The Wabbit and Cardinal Lapin slid down the rope at speed - but
not quickly enough. Sinister shuffling gave way to sinister rushing as two shadows
appeared and made for the rope. "They’ve got cleavers!" shouted the Cardinal, "and
they’ve got cleaving in mind!" "It’s good stout rope. I got it in a ship chandler's store in Civitavecchia," shouted the Wabbit. But the cleavers were razor sharp and they cut
halfway through the Wabbit’s rope. He
felt it give slightly, so he stuck his paws on the wall and slid. That slowed them down
but still they fell. "How high is the
wall?" asked Lapin. "Standard prison issue wall," said the Wabbit. "Too high to look over!" "Where do shadows get cleavers?”

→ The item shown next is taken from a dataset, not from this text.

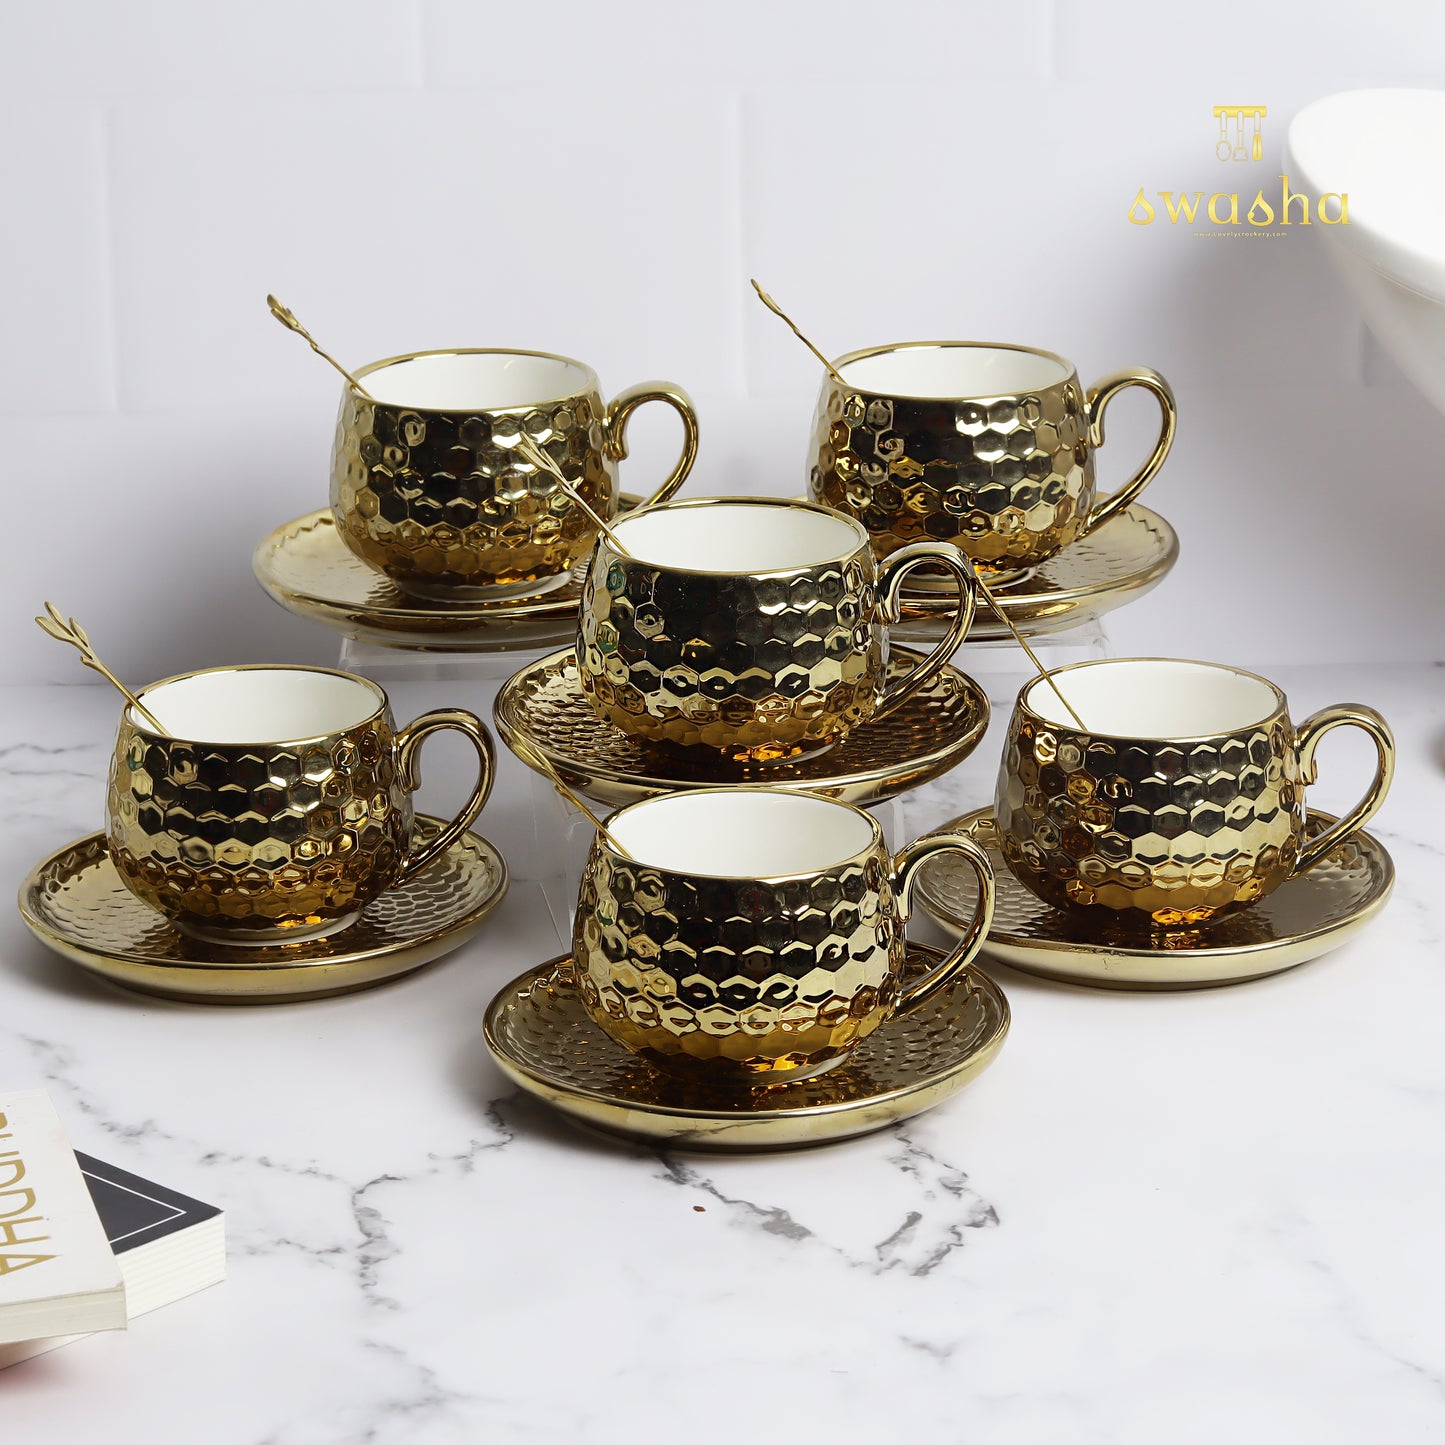 Set of 6 elegant cup and saucer pairs - perfect for refined tea or coffee moments
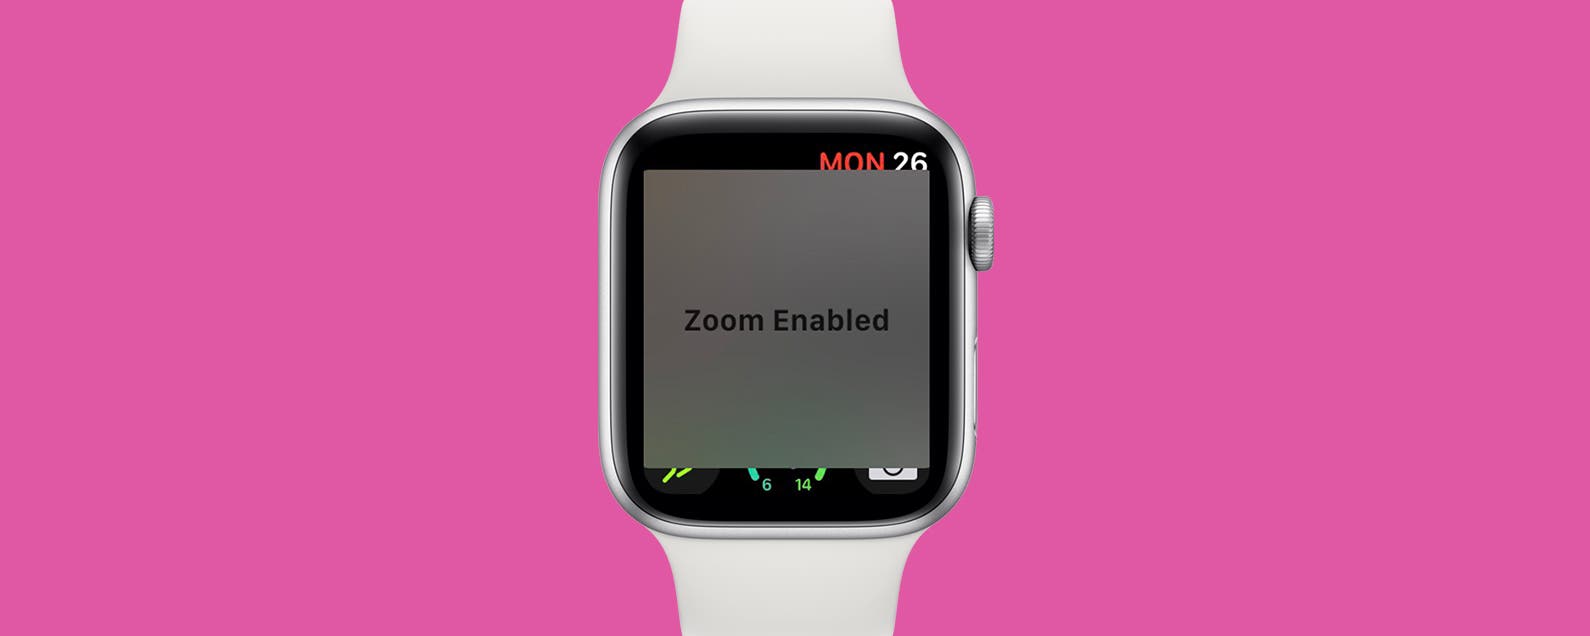 Apple Watch Screen Zoomed In & How to Fix (2 Ways) - YouTube

muttered the Cardinal but there was no time for speculation. A sickening snick from above severed the rope completely and the Wabbit and Cardinal Lapin plunged helplessly down the
sheer face of the prison wall. Cardinal Lapin looked up at the Wabbit as they
plunged. "Perhaps I should say a prayer," he said. "Oh, I think I can do better than that," said the Wabbit and he
put his paw to his mouth and made a piercing whistle. "What was that for?" said
Cardinal Lapin. "Taxi!" yelled the Wabbit.